> [Task directions]
The answer must consist solely of the lines below starting at the one containing "Wooden Side Table" and ending at the one containing "Yogyakarta BKSDA release", repeated exactly, with both ends included and all pictures omitted.

> [Supplied information]
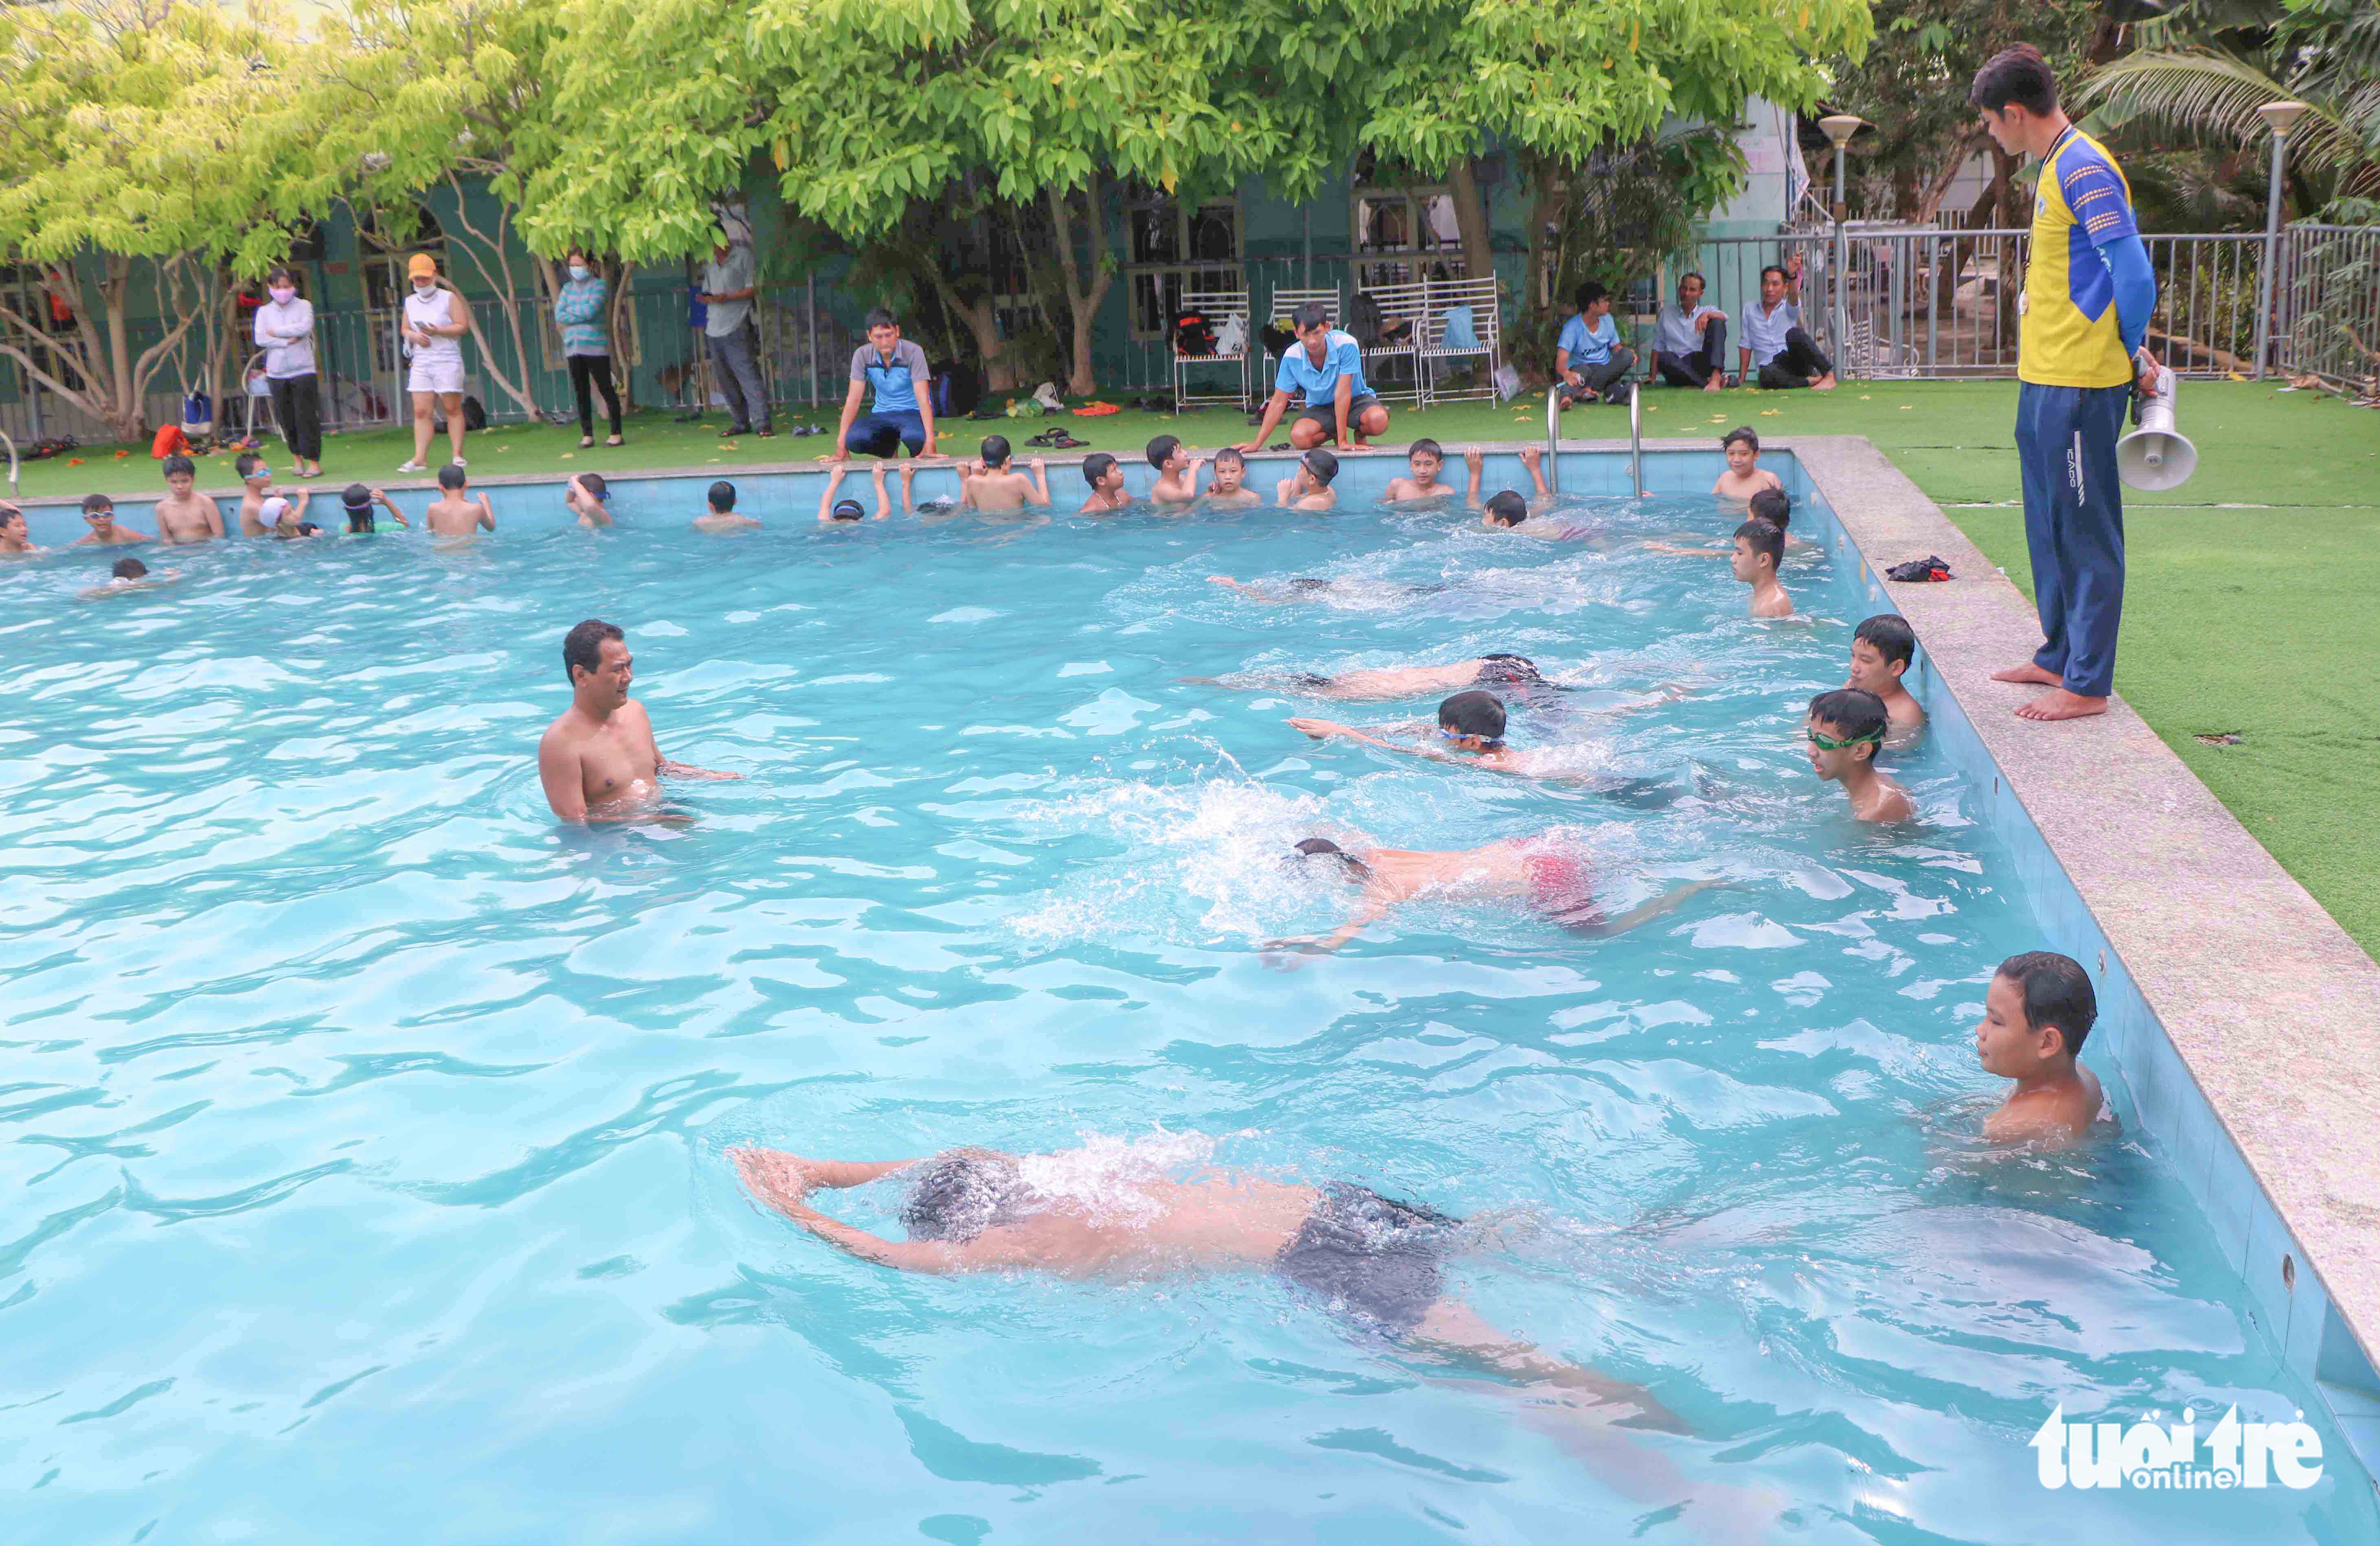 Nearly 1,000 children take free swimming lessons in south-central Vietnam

---

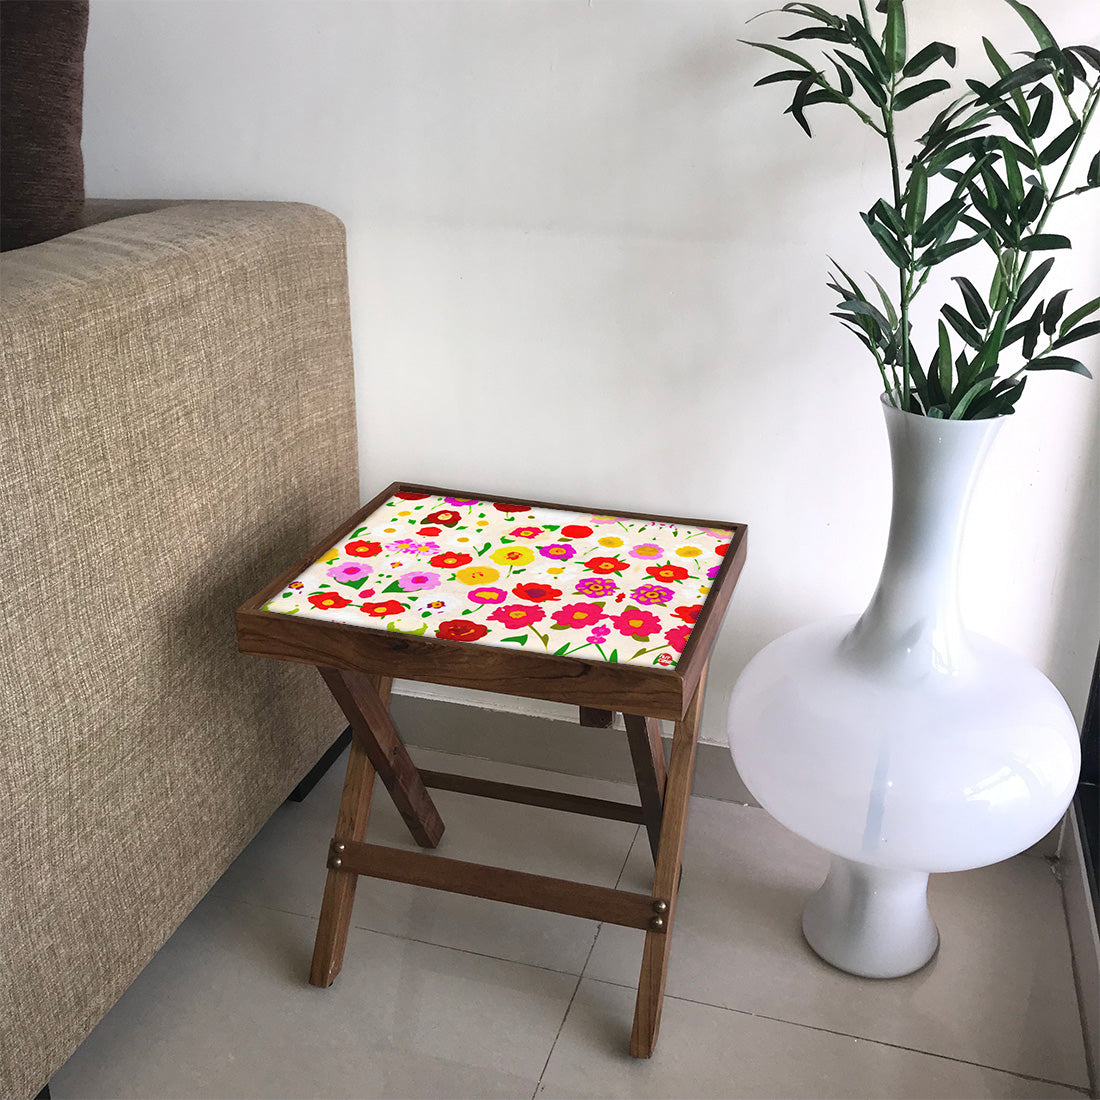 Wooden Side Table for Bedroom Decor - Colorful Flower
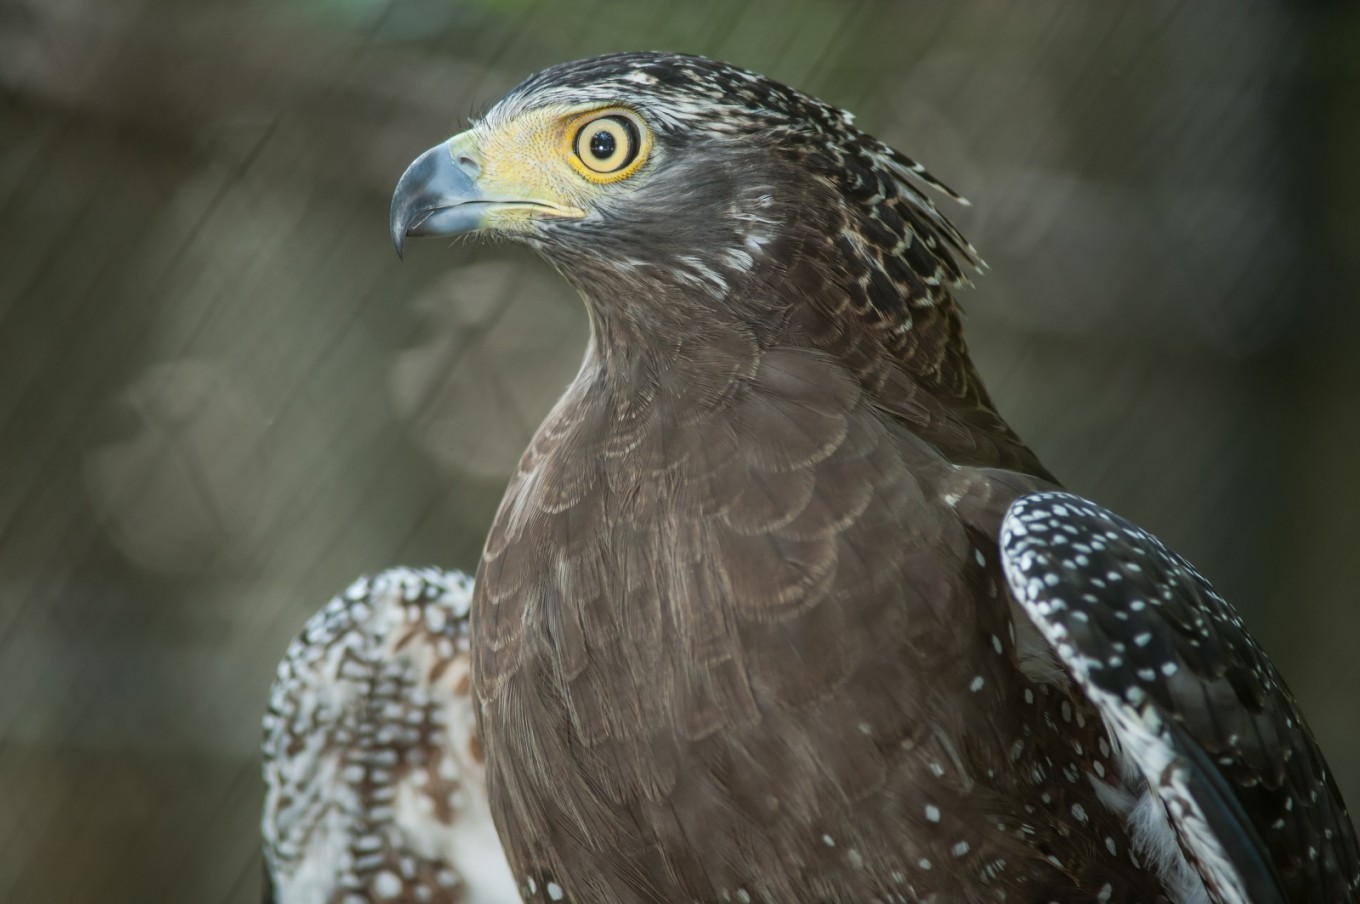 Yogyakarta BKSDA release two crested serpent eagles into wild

> [Answer to this problem]
 Wooden Side Table for Bedroom Decor - Colorful Flower
 Yogyakarta BKSDA release two crested serpent eagles into wild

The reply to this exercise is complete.